Monday, November 4, 2013

Day Five-Sixty-Six: Weeeeeee

Well, we're out of that stupid canyon. Despite some possibly revenge-motivated attacks on the part of the tarantula poodles, may they rot in a fiery place of low moral standing, we managed to get away in one piece. So, yeah, we're back on the road...

... but the road is slow. Plodding. Indeed, the road would probably go by more quickly if we just got out and walked.

Libby is a miracle worker. She can take a busted piece of wood and turn it into a sculpture of a turtle with wings and a tophat in less than ten minutes. I've seen her craft furniture out of raw logs in the time it takes to pee. And, on the more practical side, she can usually transform a broken personnel carrier into, you know, one that is not broken. 

Not this time. No, this time the Dauphine remains fairly busted. We just didn't have enough wood to patch 'er up properly, because trees don't grow in rocky canyons. There are holes everywhere. S'pretty damned drafty. The November winds are sweeping through the transport all the time, now. We need to get it properly fixed up before winter comes, or all of Libby's ideas for weatherproofing the thing will come to naught.

But the holes aren't the real problem. The real problem is the mechanism.

I've never understood the mechanism. It's a part of the engine, situated near one of the wheel axles, which looks a bit like a sick elephant. When the wheels turn, the mechanism gyrates. Kinda looks like it's dancing. The point is that the mechanism is needed to make our great machine run properly, and, uh, ours got damaged in the flight from the border.

Libby tried to explain the mechanism to me, once, but she failed. She told me it was a thing of infinite intricacies; a part of the Dauphine, so integral and so finicky, that to fix it in the field is to skirt insanity. Without a properly-functioning mechanism, our miraculous rolling home is reduced to a sorry plod that isn't much faster than a steady jaunt. Before the Dauphine was a rhino; now it is a snail. 

We have a partial solution. Anticipating the fragile nature of the mechanism, Libby installed a backup propulsion system.

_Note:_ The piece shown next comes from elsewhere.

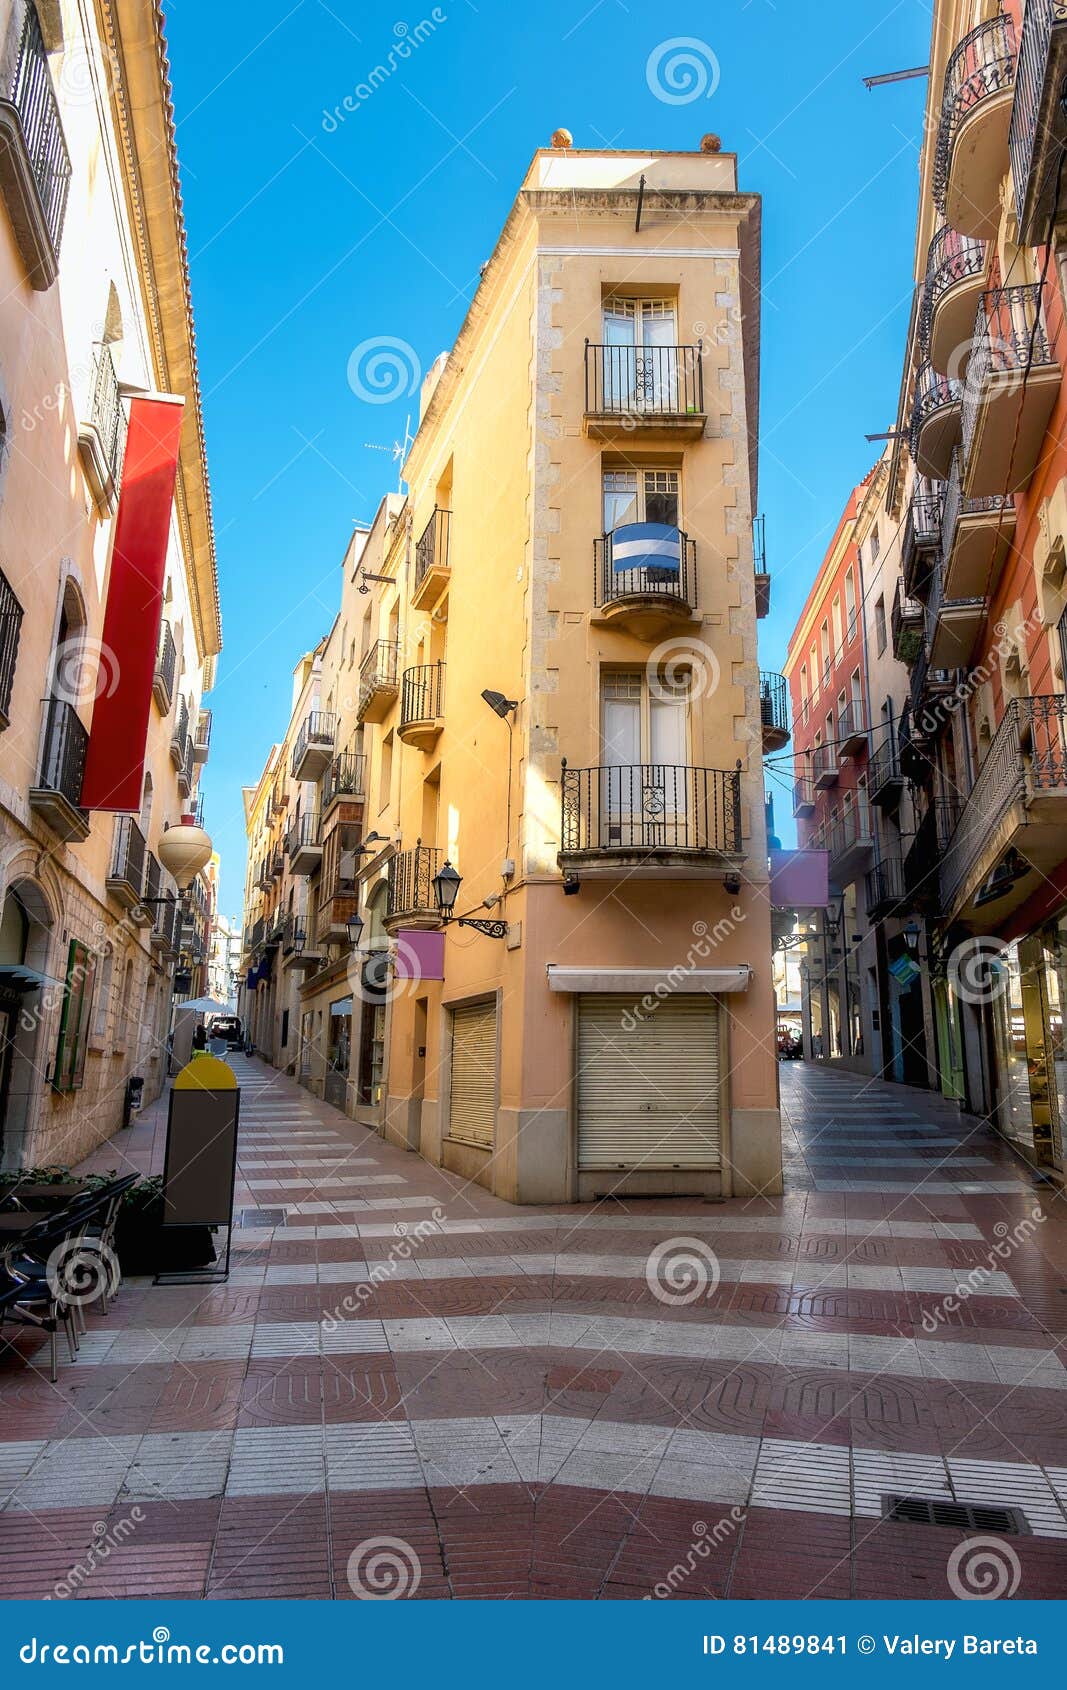 Figueres-Stra?e, Katalonien, Spanien Redaktionelles Foto - Bild von europa,  gepflastert: 81489841

Working in tandem with Queen Daena's crazy legs, a team of some twenty people have been jogging on 'the Hamster Wheel' to get the Dauphine back up to speed. Imagine a water wheel that's propelled on its course by walking rather than liquid and you can understand the principle behind the Hamster Wheel. It's big, it's round, it's silly, it's all we've got.

(I've spent some time in the Wheel myself, walking on a constant uphill course that takes you nowhere. Makes you feel a bit like a pet on a leash. Very embarrassing... though less so when you're not the only one on the thing.)

Libby's pouring through the books we brought, hoping to concoct an alternate way to power the Hamster Wheel. I pray she finds something soon, 'cause we're going across bumpy terrain right now and my gams are killin' me.